Dataset section:
════════════════

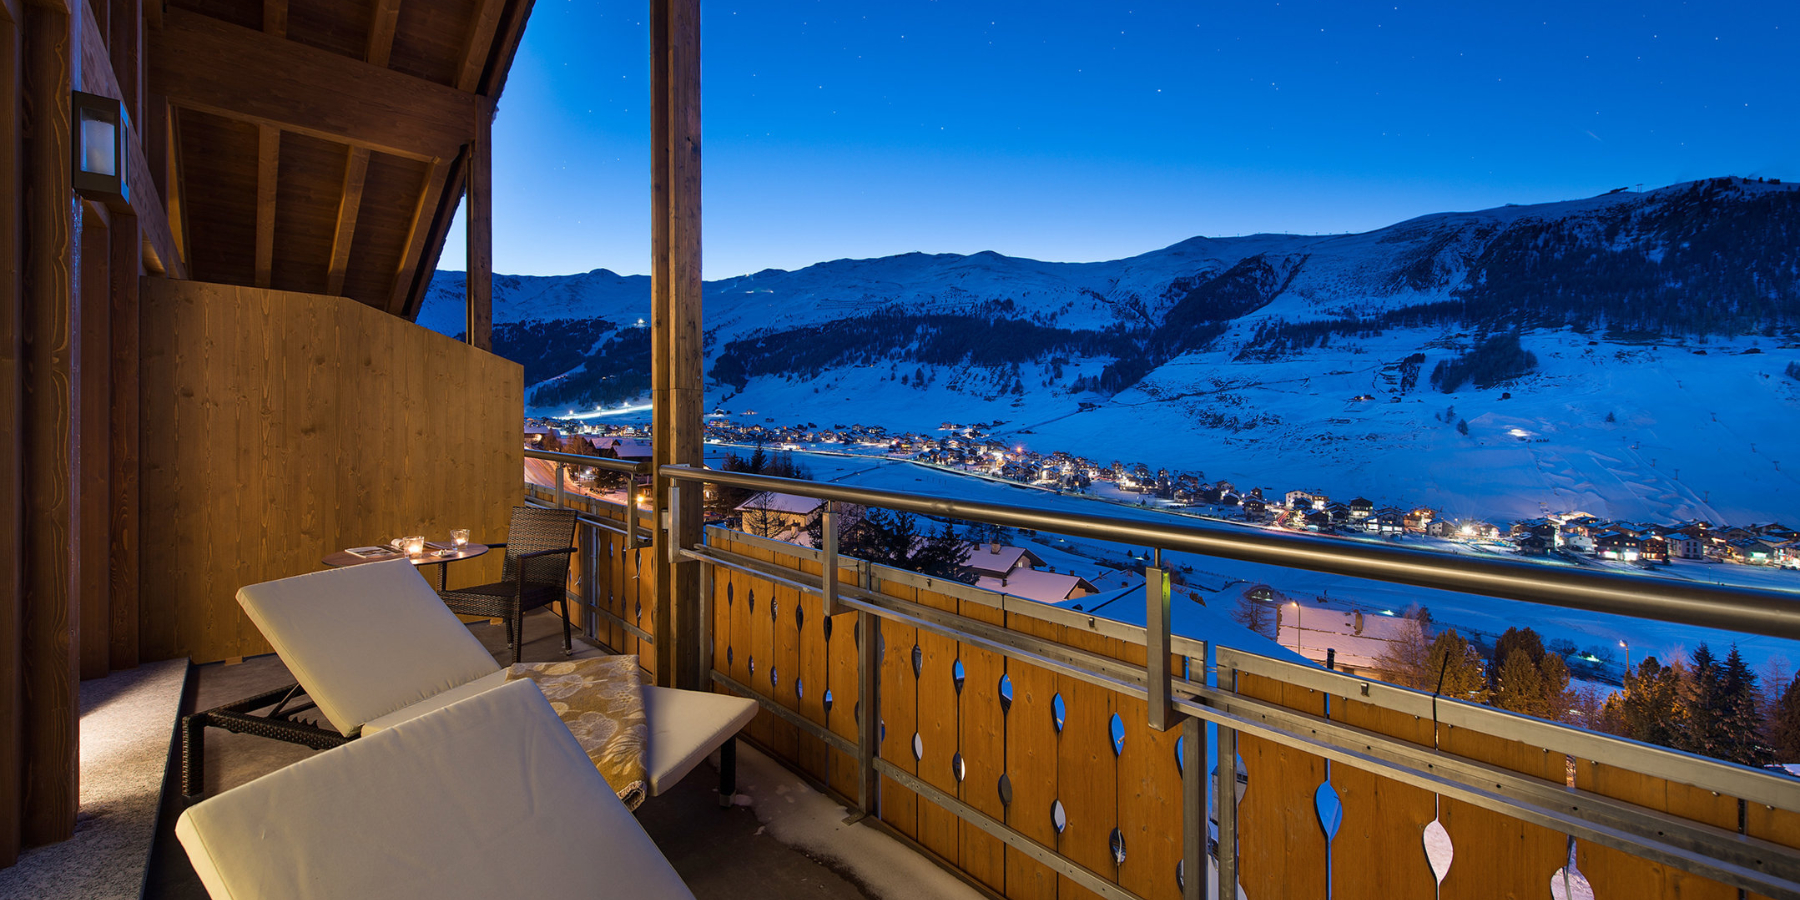 L'hotel Baita Montana Spa & Resort si prepara ad accogliervi!: Immagine elenchi
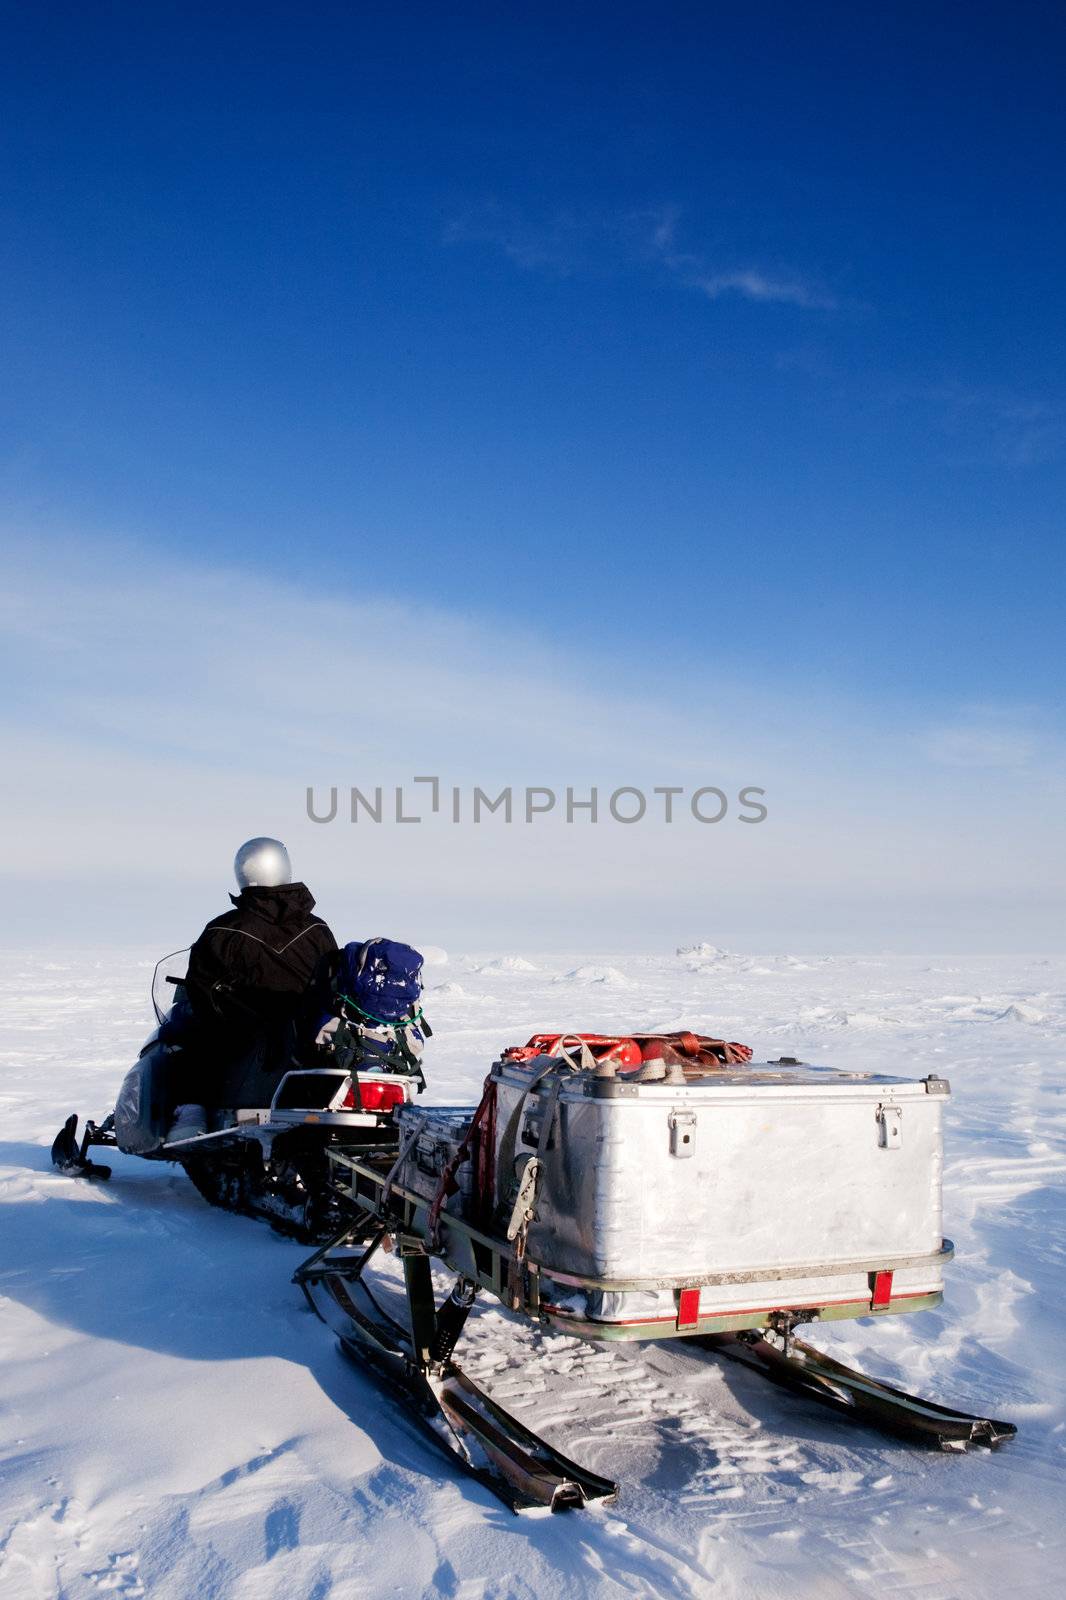 A man sitting on a snowmobile on a barren snow landscape
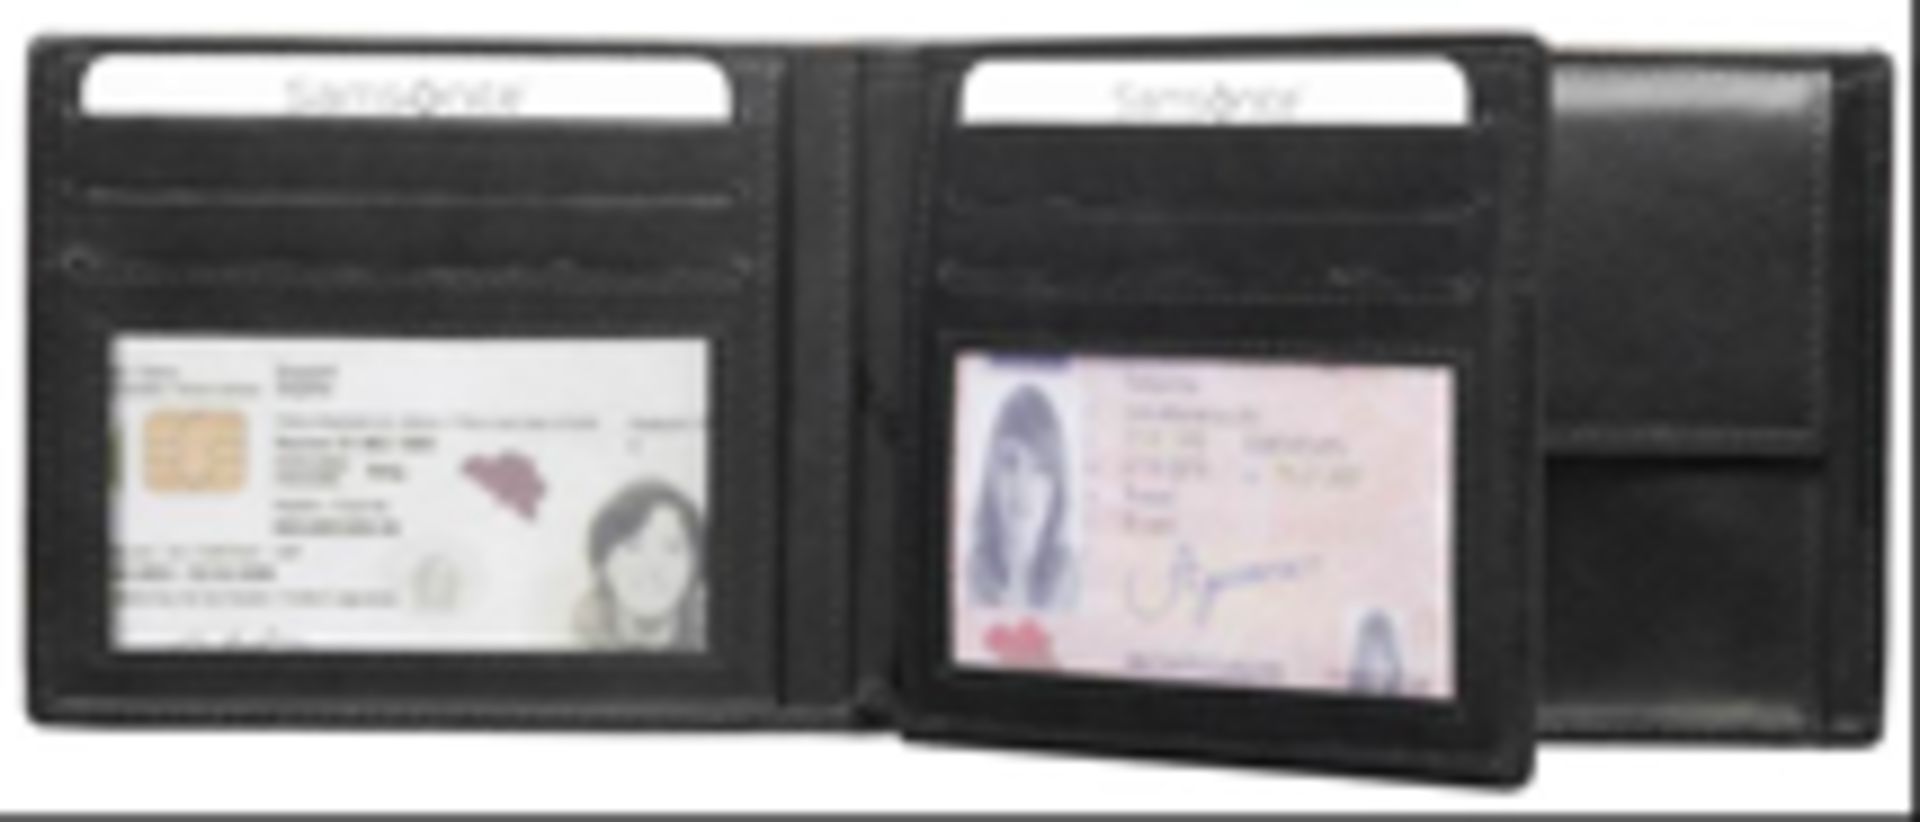 V *TRADE QTY* Brand New Samsonite Gents Black Leather Wallet - 8 Credit Card Slots - 2 Note

════════════════

Every line from the one containing "A man sitting" through the last line of the data is to be retyped exactly, with nothing added and no pictures included.

 A man sitting on a snowmobile on a barren snow landscape
 V *TRADE QTY* Brand New Samsonite Gents Black Leather Wallet - 8 Credit Card Slots - 2 Note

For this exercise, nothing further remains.